[Work task] Print exactly what appears from the line containing "NECA E.T. The" through the final line of the data below, pictures excluded.

[Data block]

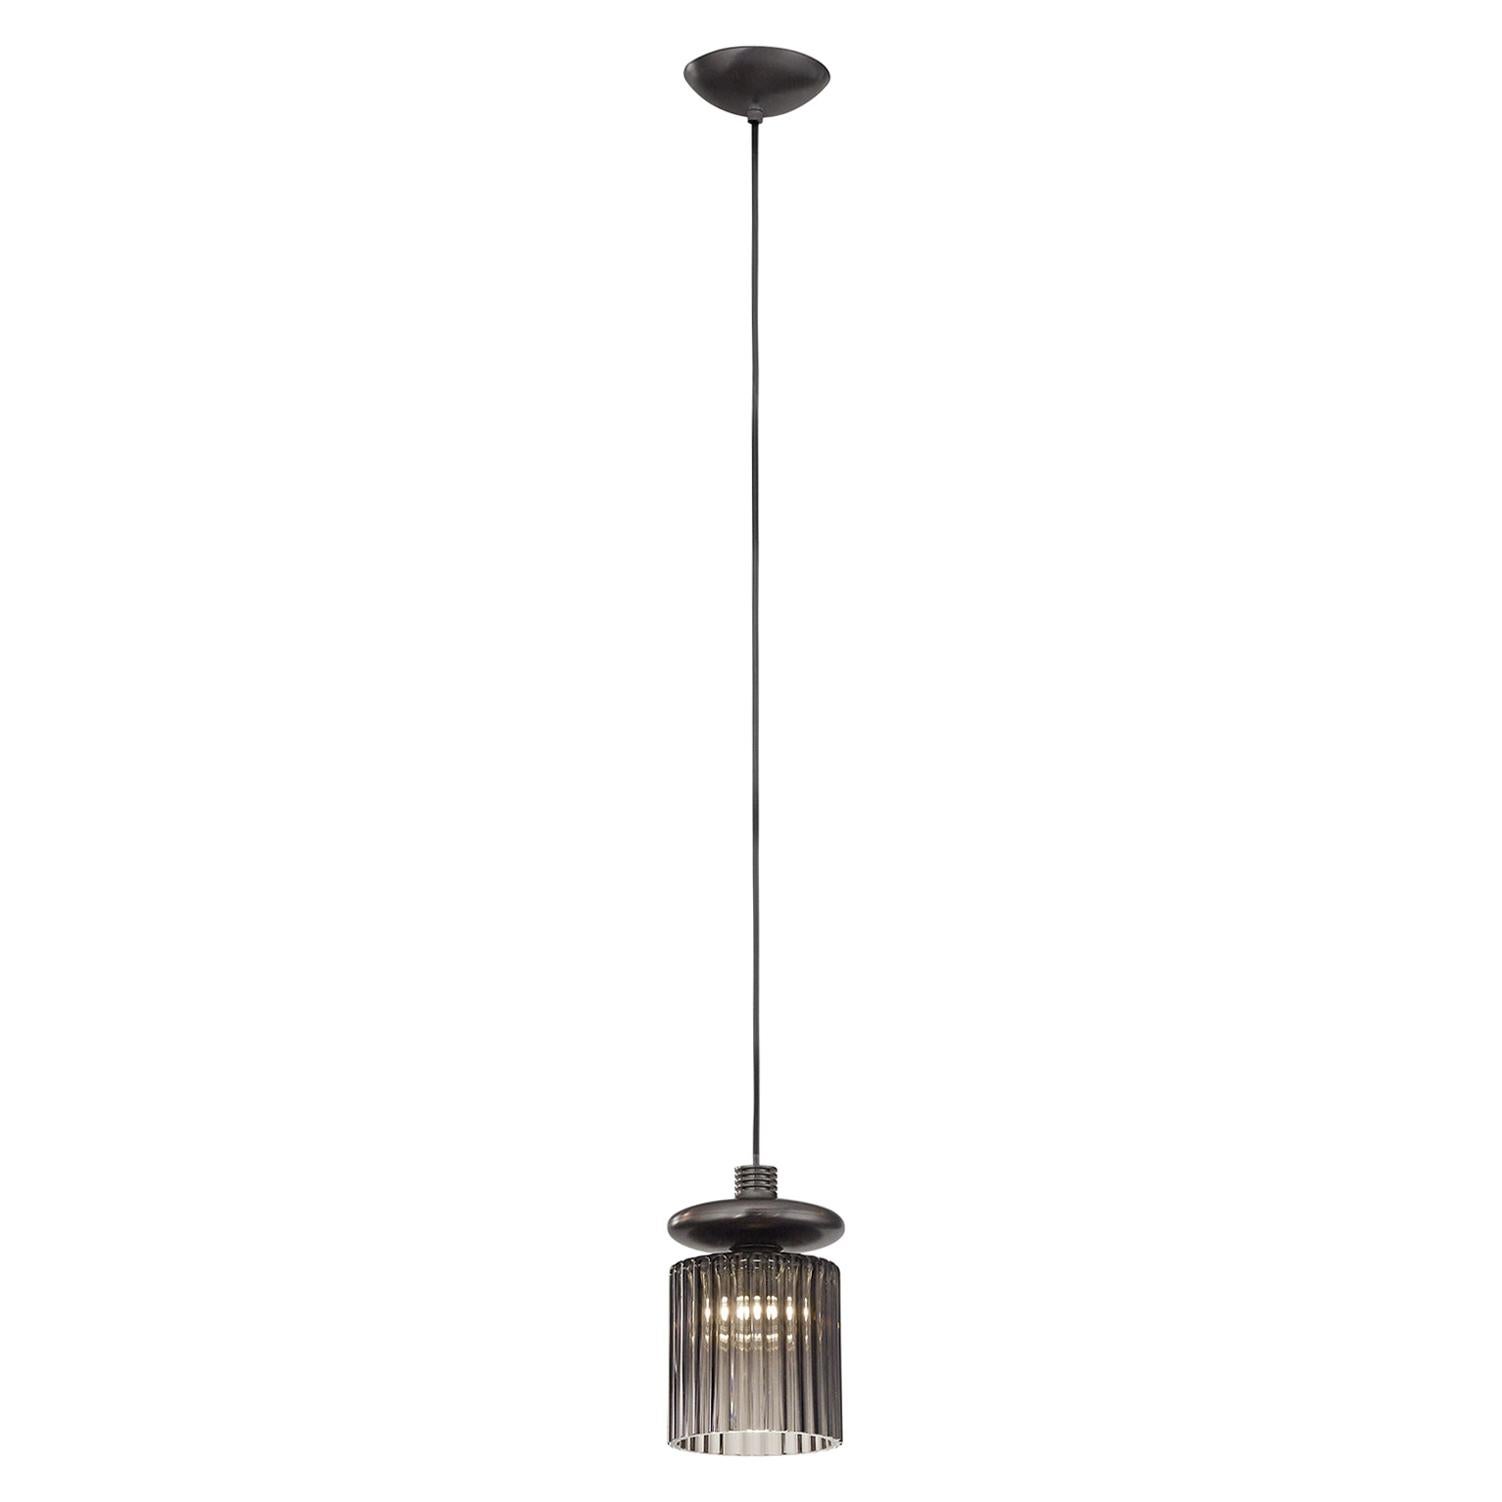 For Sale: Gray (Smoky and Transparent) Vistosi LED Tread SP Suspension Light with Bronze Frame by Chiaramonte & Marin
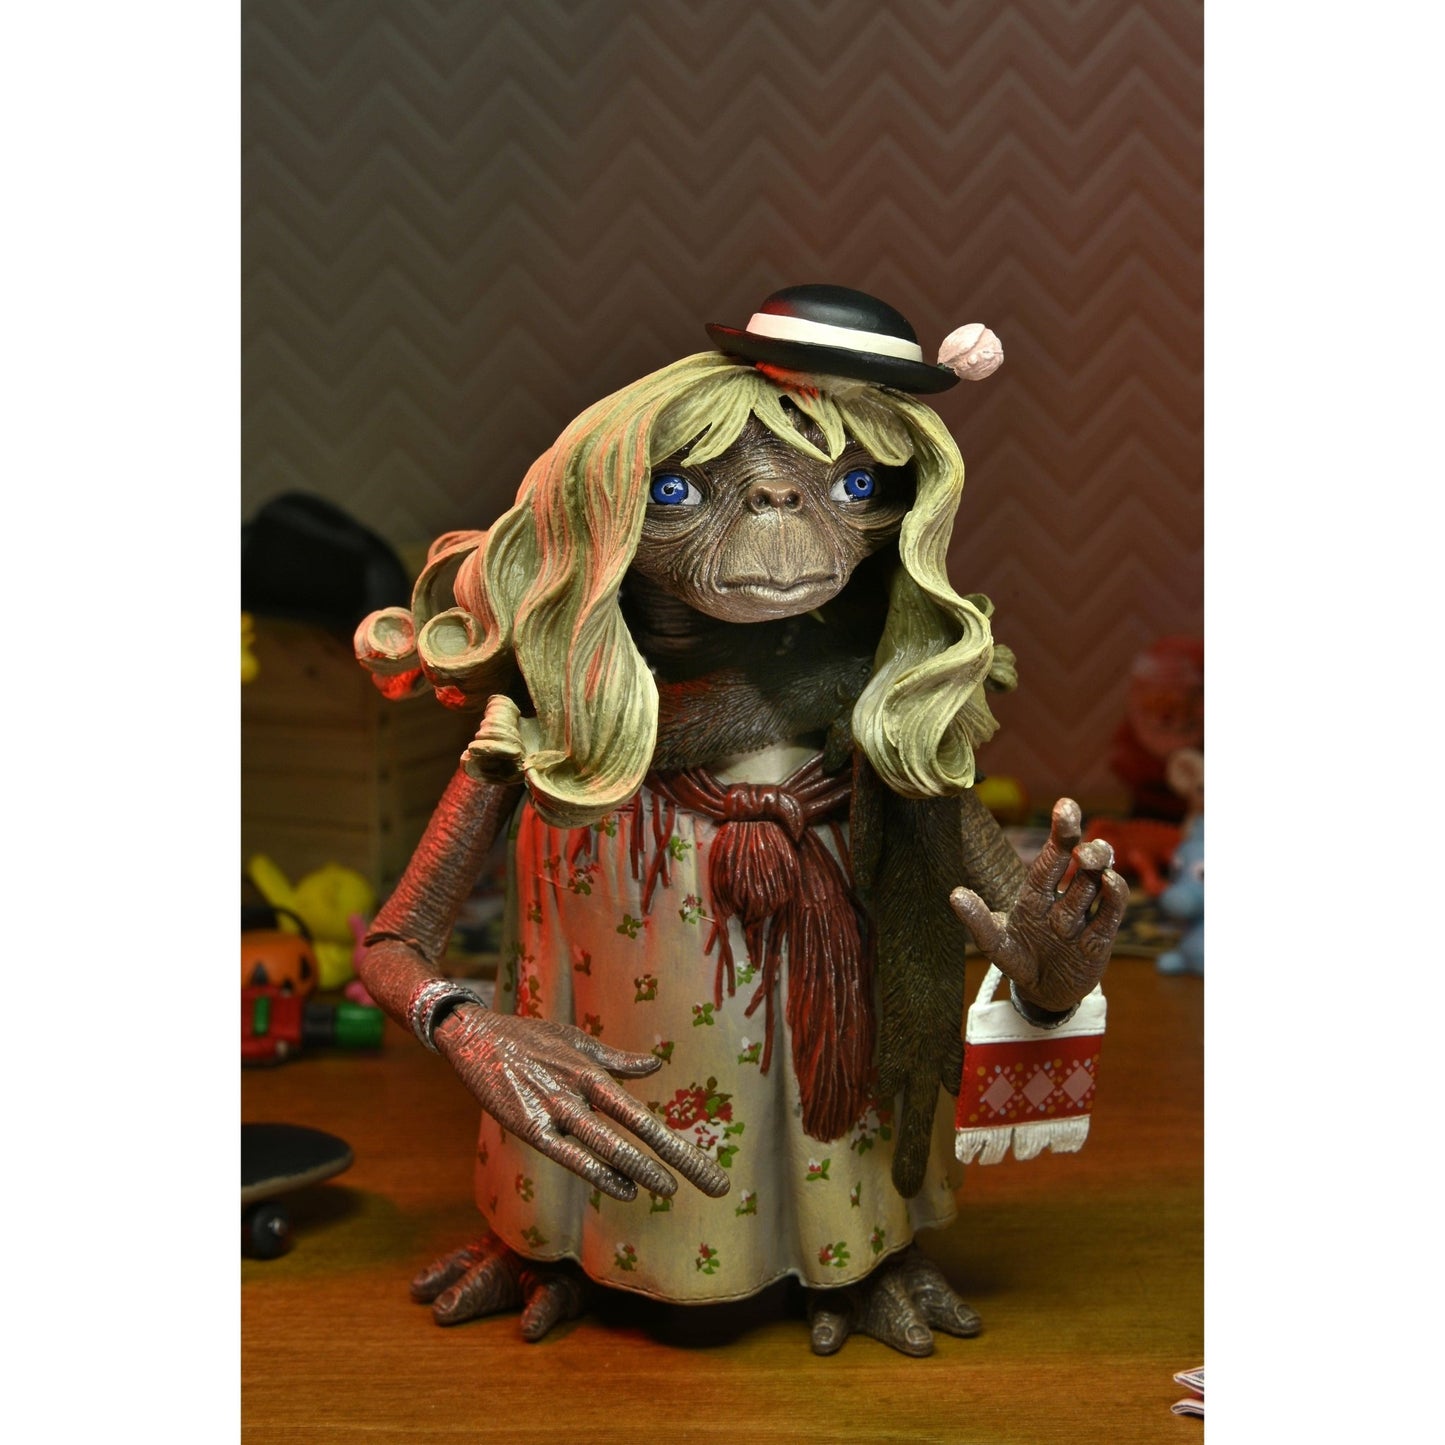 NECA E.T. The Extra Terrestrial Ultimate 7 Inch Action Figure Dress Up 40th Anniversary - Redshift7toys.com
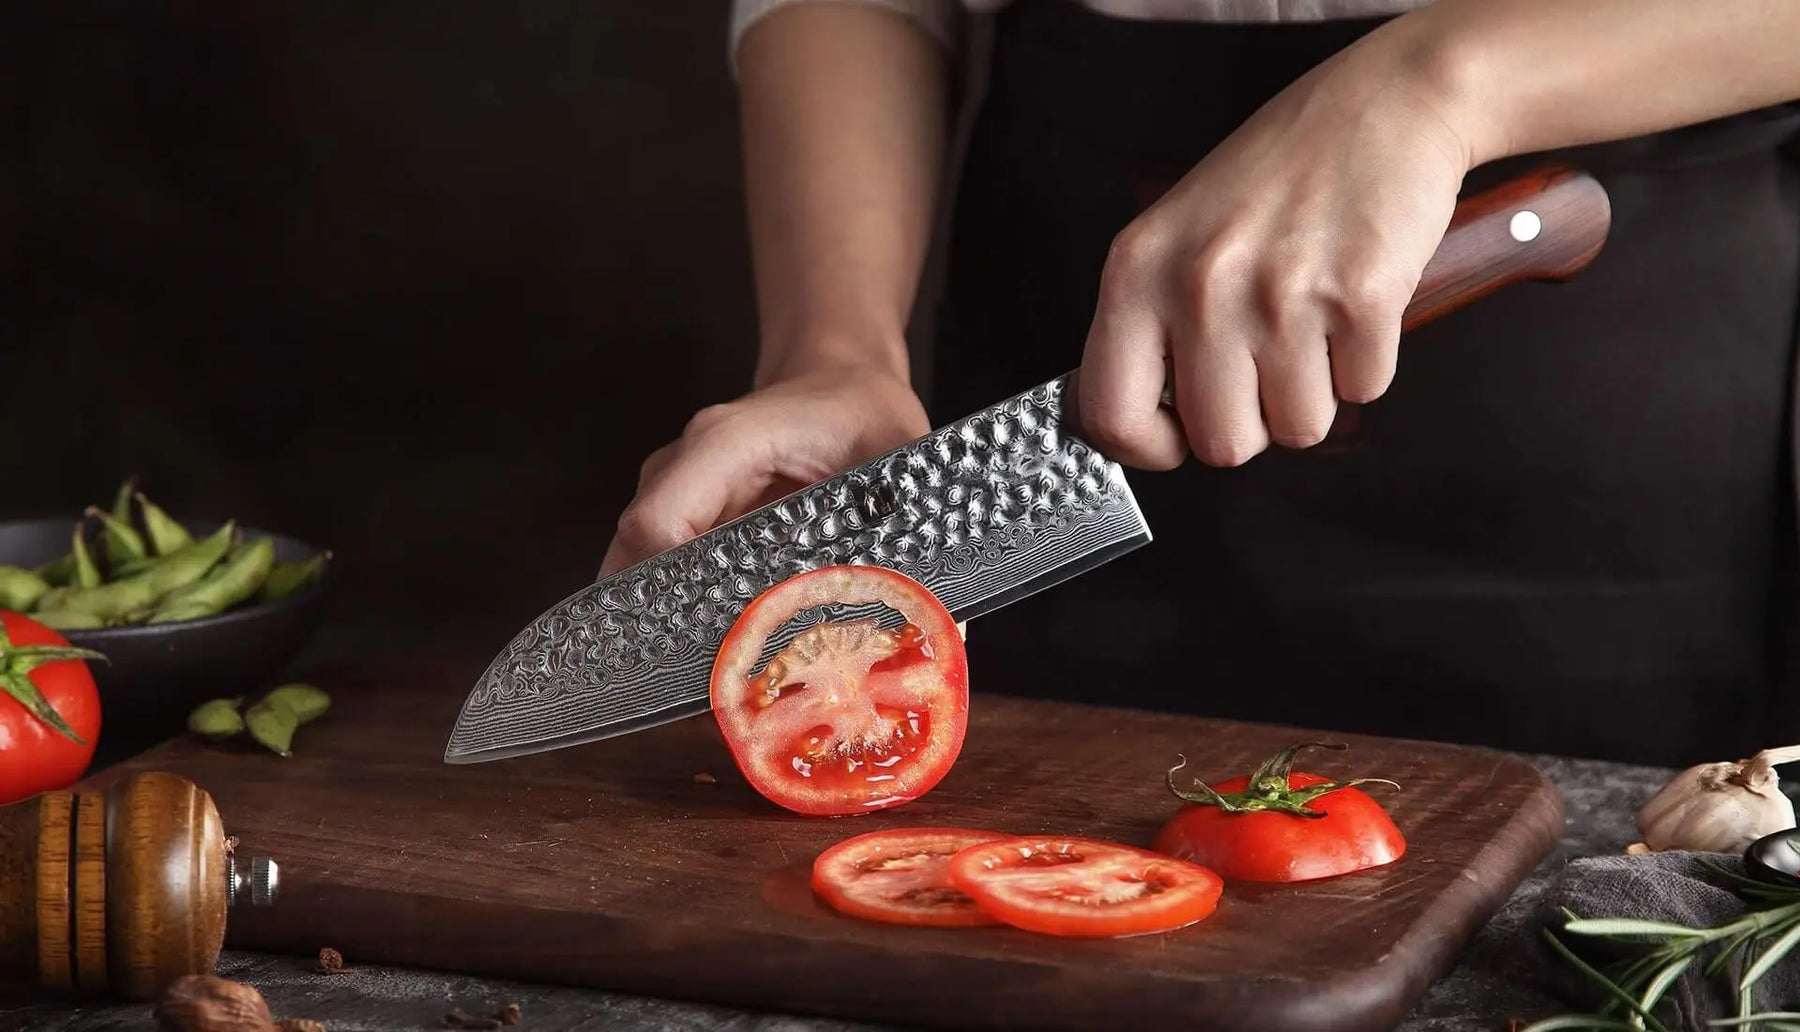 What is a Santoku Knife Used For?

[Completed exercise]
 NECA E.T. The Extra Terrestrial Ultimate 7 Inch Action Figure Dress Up 40th Anniversary - Redshift7toys.com
 What is a Santoku Knife Used For?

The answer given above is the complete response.